朱明水看向賈東亮,賈東亮的眉頭早已擰成了一個疙瘩,丁長生接著說道:「賈主席,他能監控我,也一樣能監控別人,公權力的利用,到底哪裡是個界限,這很難界定,而且一般人還不知道自己被監視了,要不是我還有幾個朋友,我也不知道自己從進入江都就被盯死了」。
「看來這位陳部長真的是很關心你啊」。賈東亮說道。
「不是這位陳部長關心我,是江都市公司董事長陳董關心我,他把陳漢秋在北原監管所離奇死亡的事怪到了我頭上,要不是我干涉,他和中北省公司副總裁柯北早就把這事操作完了,可能現在陳漢秋早已去國外逍遙去了」。丁長生說道。
「那這事真的和你有關係嗎?」賈東亮問道。
「要說沒關係是我撒謊,我告訴他們,這個事件必須要公平公正的審判,要不然多少年後,你們這些負責人都要被追究責任,所以他們沒轍,一再的想要把我也消滅掉,算了,這裡面的事太多了,我要是都說了,一定會顛覆你們對陳煥山的瞭解」。丁長生說道。
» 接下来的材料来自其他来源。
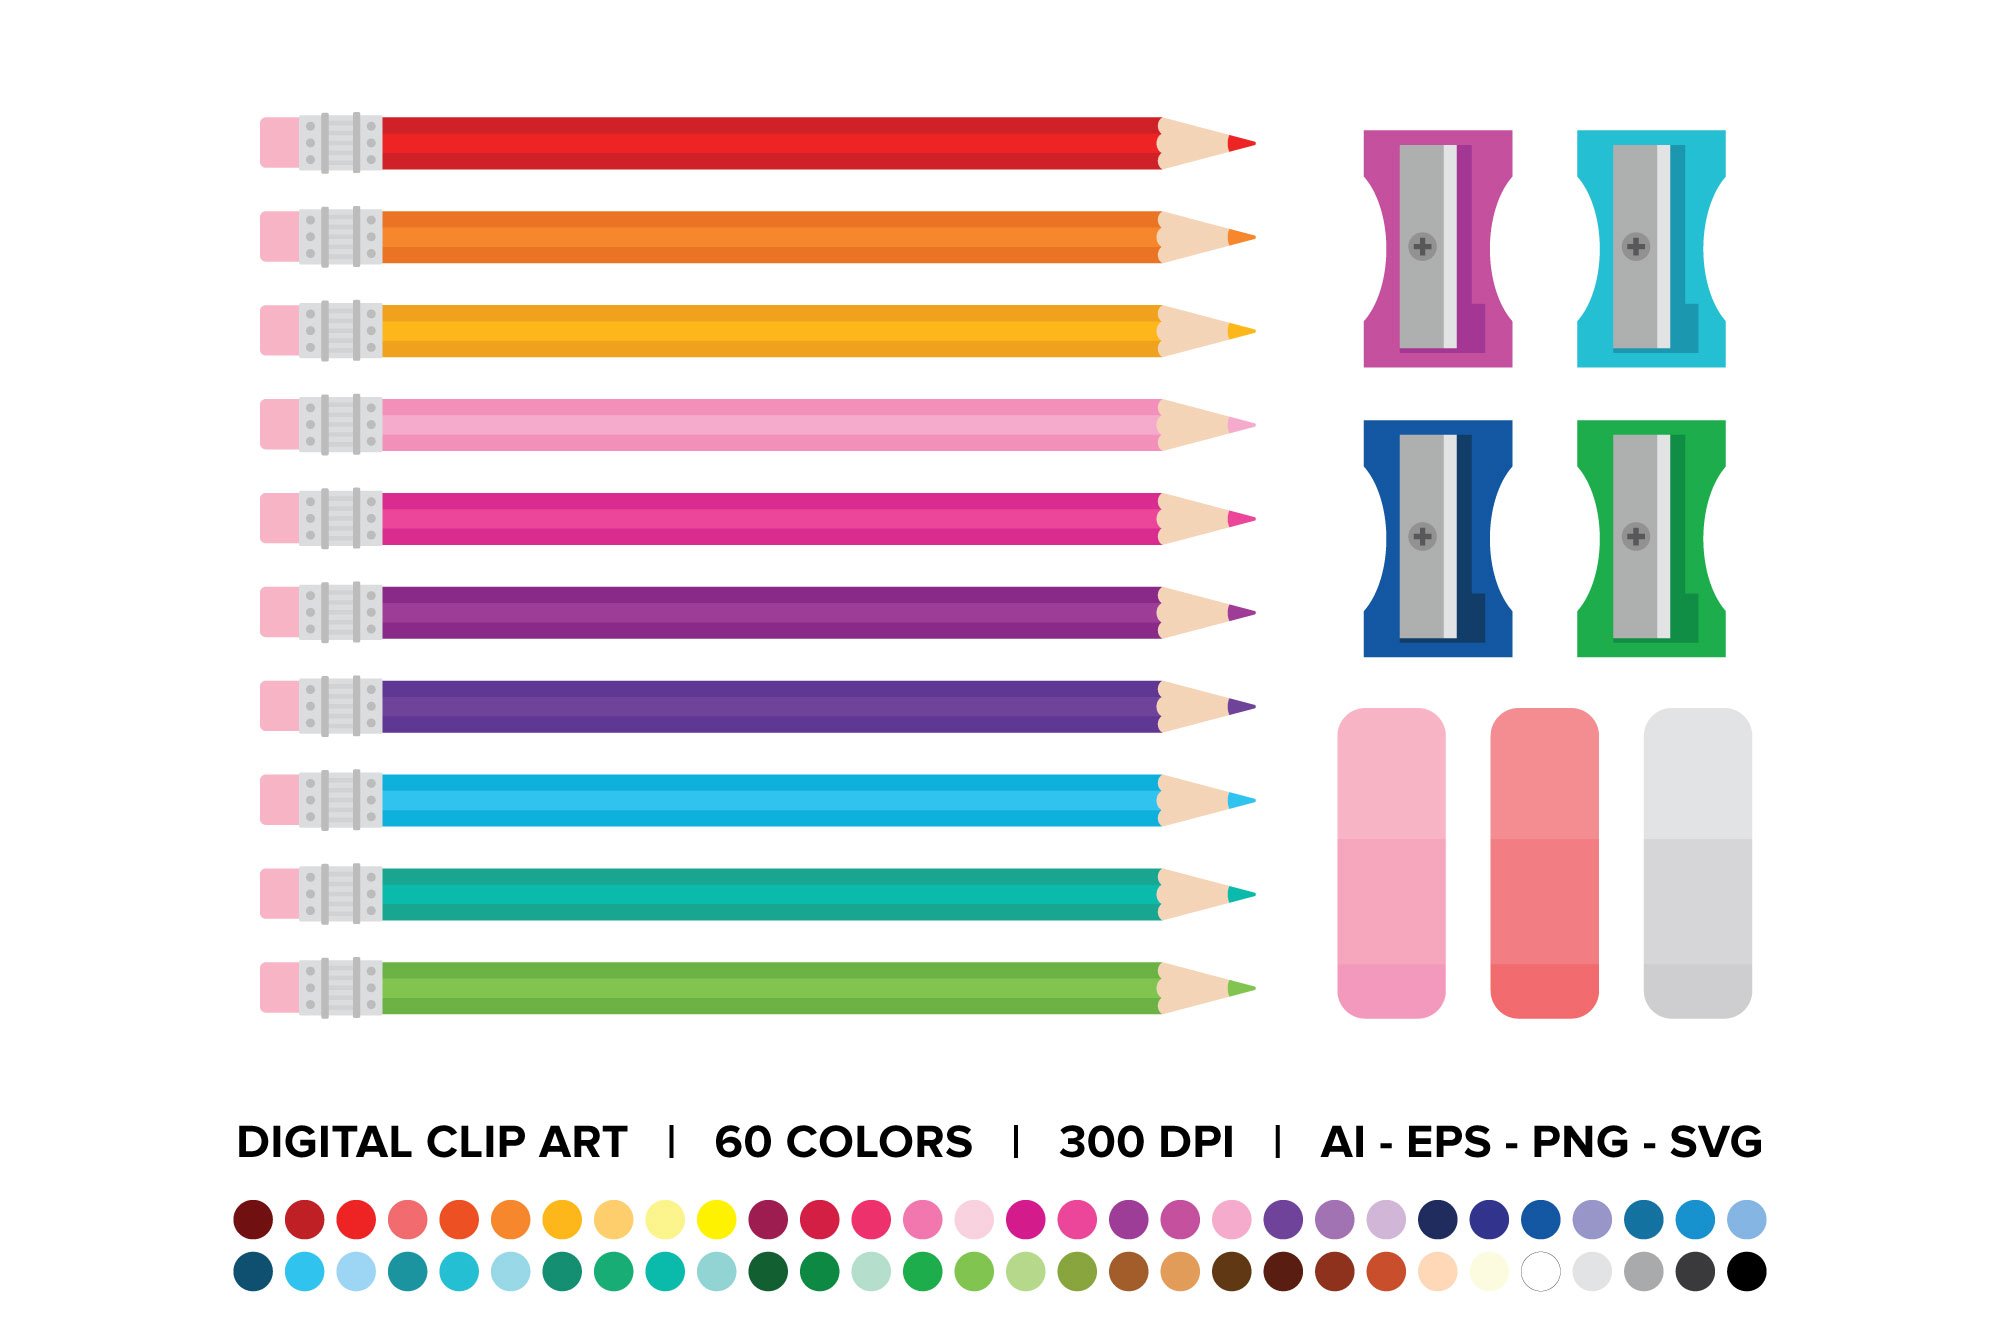 Color Pencil, Sharpener, and Eraser cover image.

丁長生離開了朱明水家,但是賈東亮沒走,他是一個小時後又離開的,此時丁長生還在街上晃悠,走走停停,去了顧曉萌家所在的地方,給顧曉萌打了個電話,剛剛到家,丁長生下了車,進了樓道里。
「立刻查這裡,看看他在這裡認識誰,其他人都給我待命,我說出勤,立刻出勤」。陳開春有些興奮,陳煥山給他的命令是一定不能讓丁長生在江都待的肅靜了,只要是有機會就搞他一下子。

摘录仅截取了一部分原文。